EXCLUSIVE: Britain's gross national debt reached £2.5trillion pounds at the end of last year with economists warning the UK's debt to GDP ratio has never been as high in peacetime.


The United Kingdom's national debt could rise to £3trillion within two or three years, an expert warned. The latest figures show the Government racked up debts totalling £2.5trillion at the end of 2022, equivalent to 101 percent of gross domestic product (GDP), according to the Office for National Statistics.

In the fourth quarter of last year alone net borrowing was £55.9billion, which is equal to 8.7 percent of GDP.

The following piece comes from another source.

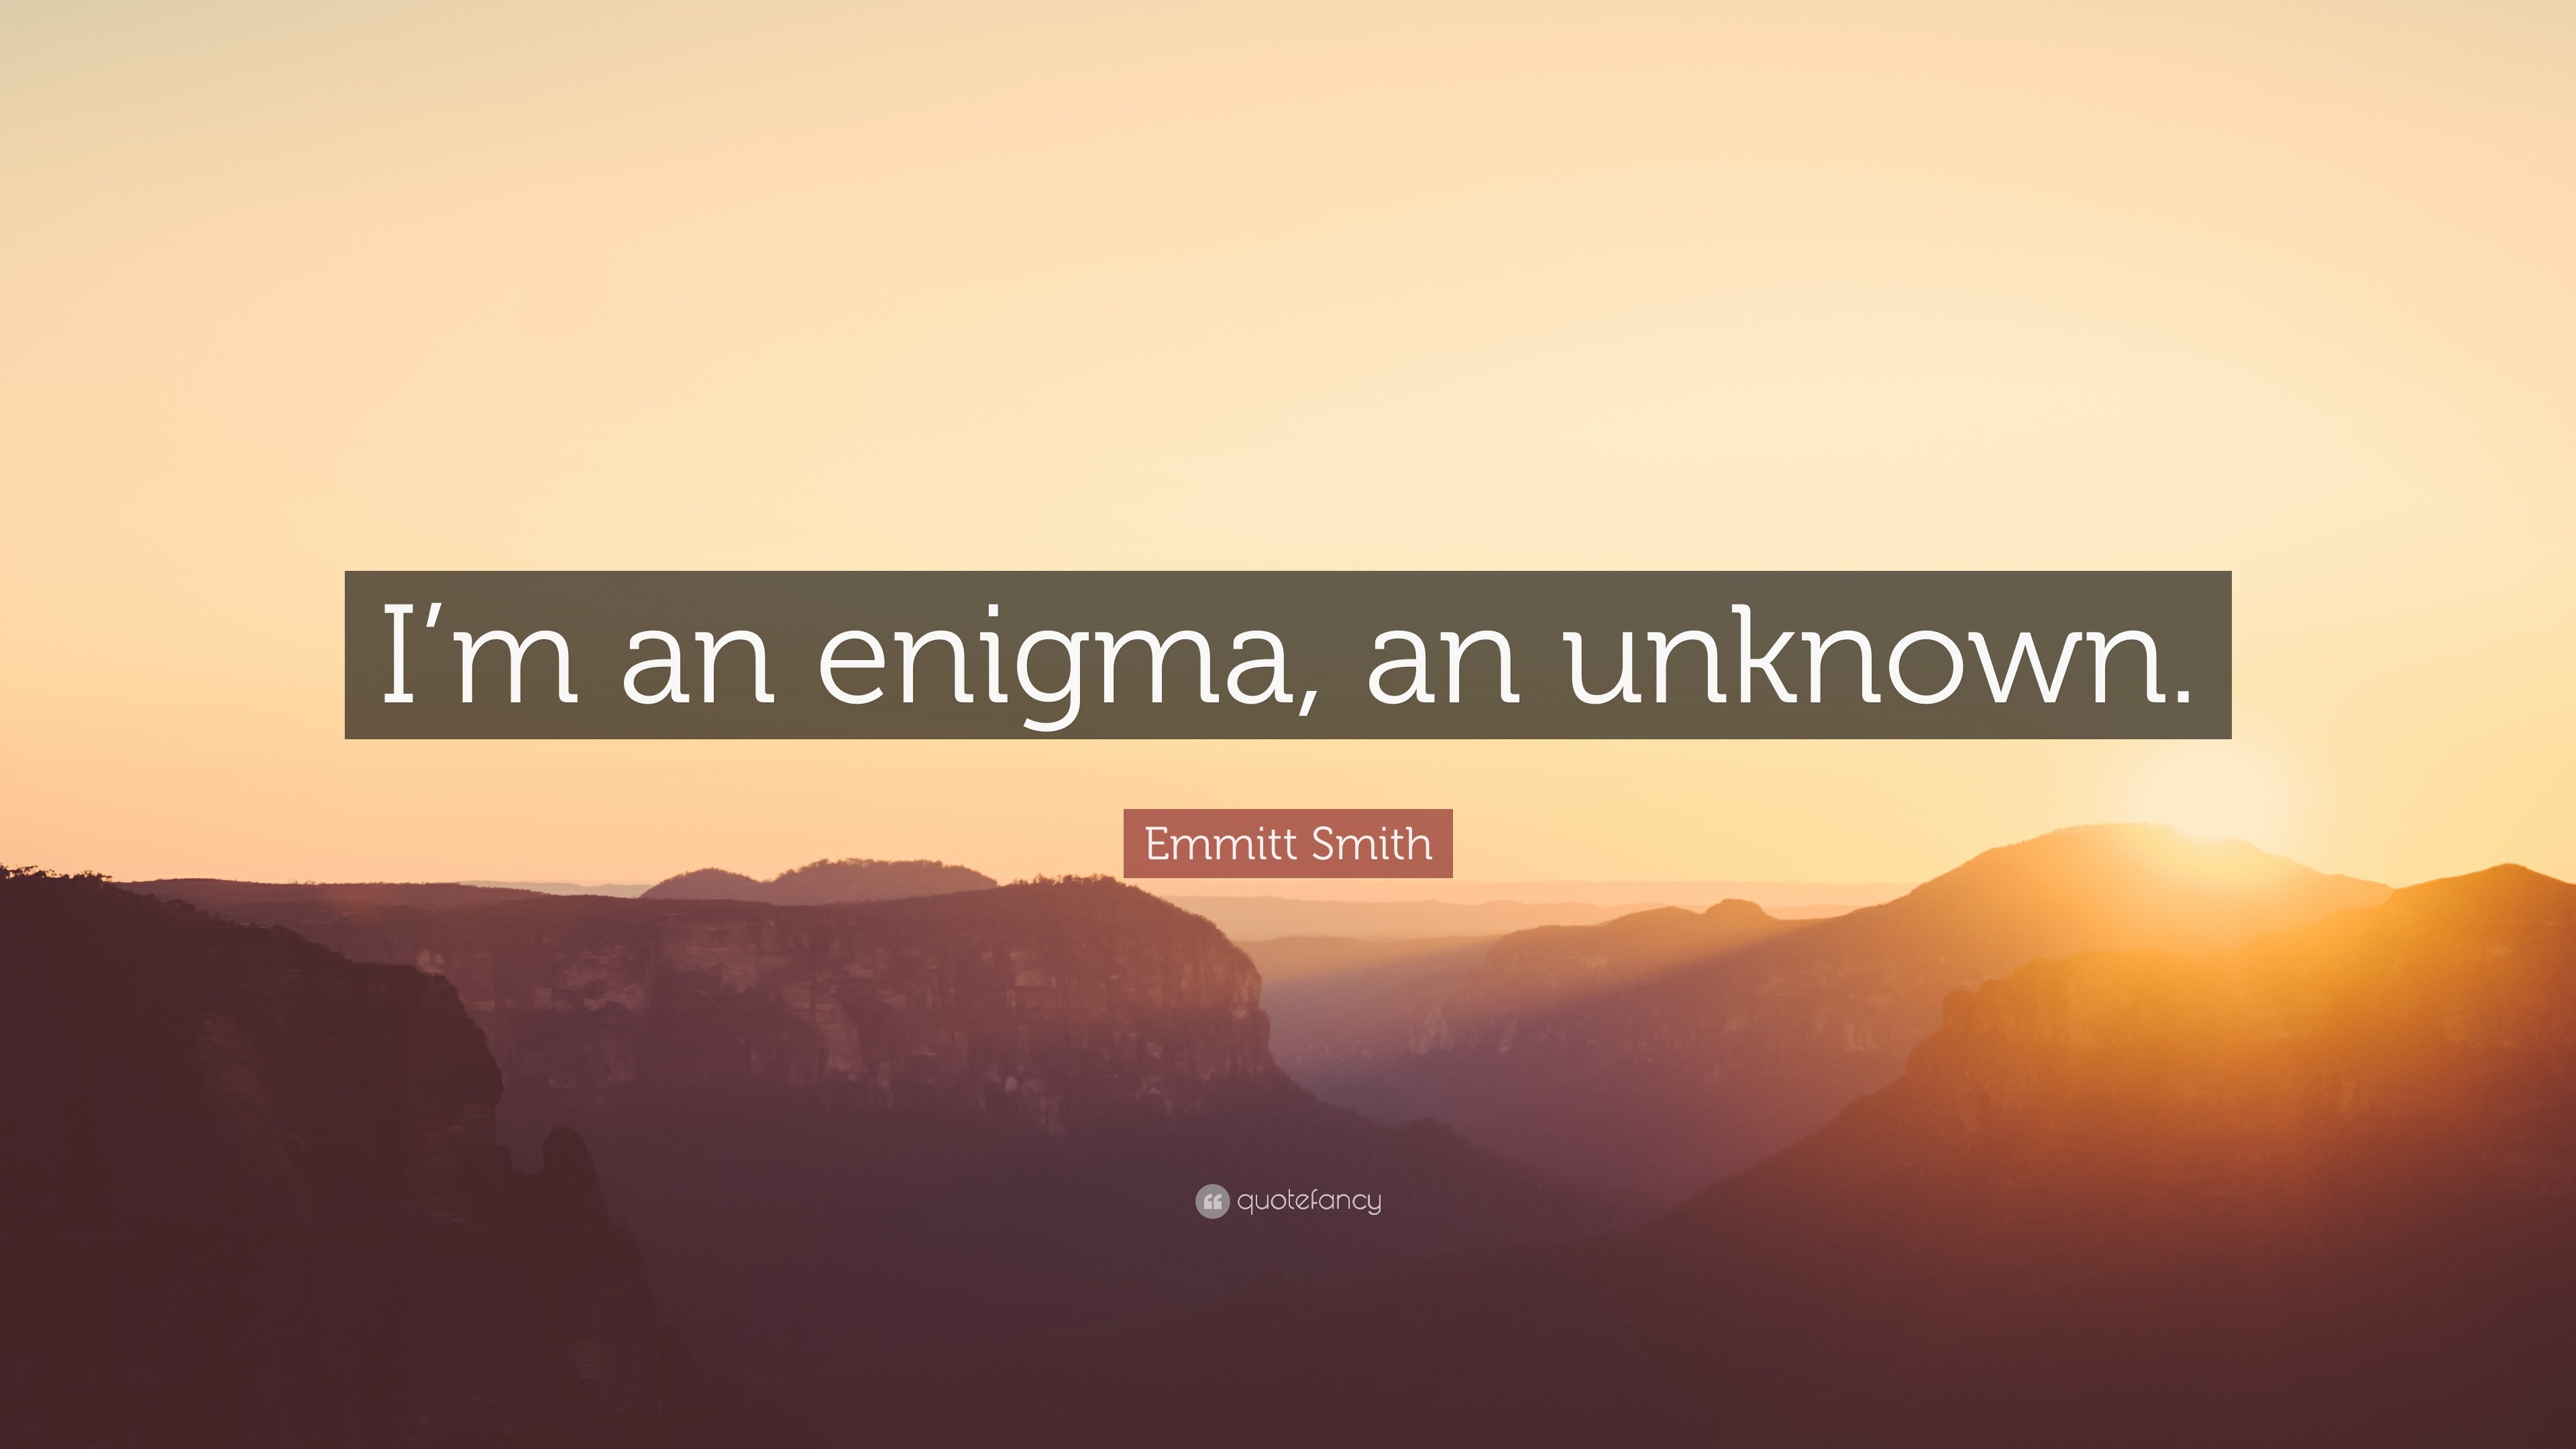 3840x2160 Emmitt Smith Quote: “I'm an enigma, an unknown.”

Dr Jo Michell, Associate Professor of Economics at the University of the West of England told Express.co.uk Britain's national debt will certainly reach £3trillion.

He added: "But it's difficult to predict exactly when. If there was another big shock like the 2008 crisis or the pandemic it could be in the next two or three years.

"In the absence of big shocks, I'd estimate between five and seven years - by 2030."

Professor Sambit Bhattacharyya, Head of Economics at the University of Sussex Business School, told Express.co.uk that Britain's national debt has never been as high in peacetime.

He said: "The UK’s national debt is currently around £2.5trillion in real terms. It could rise to £3trillion over the next decade.

"The rate of growth of national debt depends on the state of the economy. A sharp recession next year would increase the rate of growth of national debt." [Borrowing to live, increases the carbon footprint of the country and the workers who have to work harder to pay more taxes, that the government are squandering - leading to global warming, the world over. A burden for children tomorrow.]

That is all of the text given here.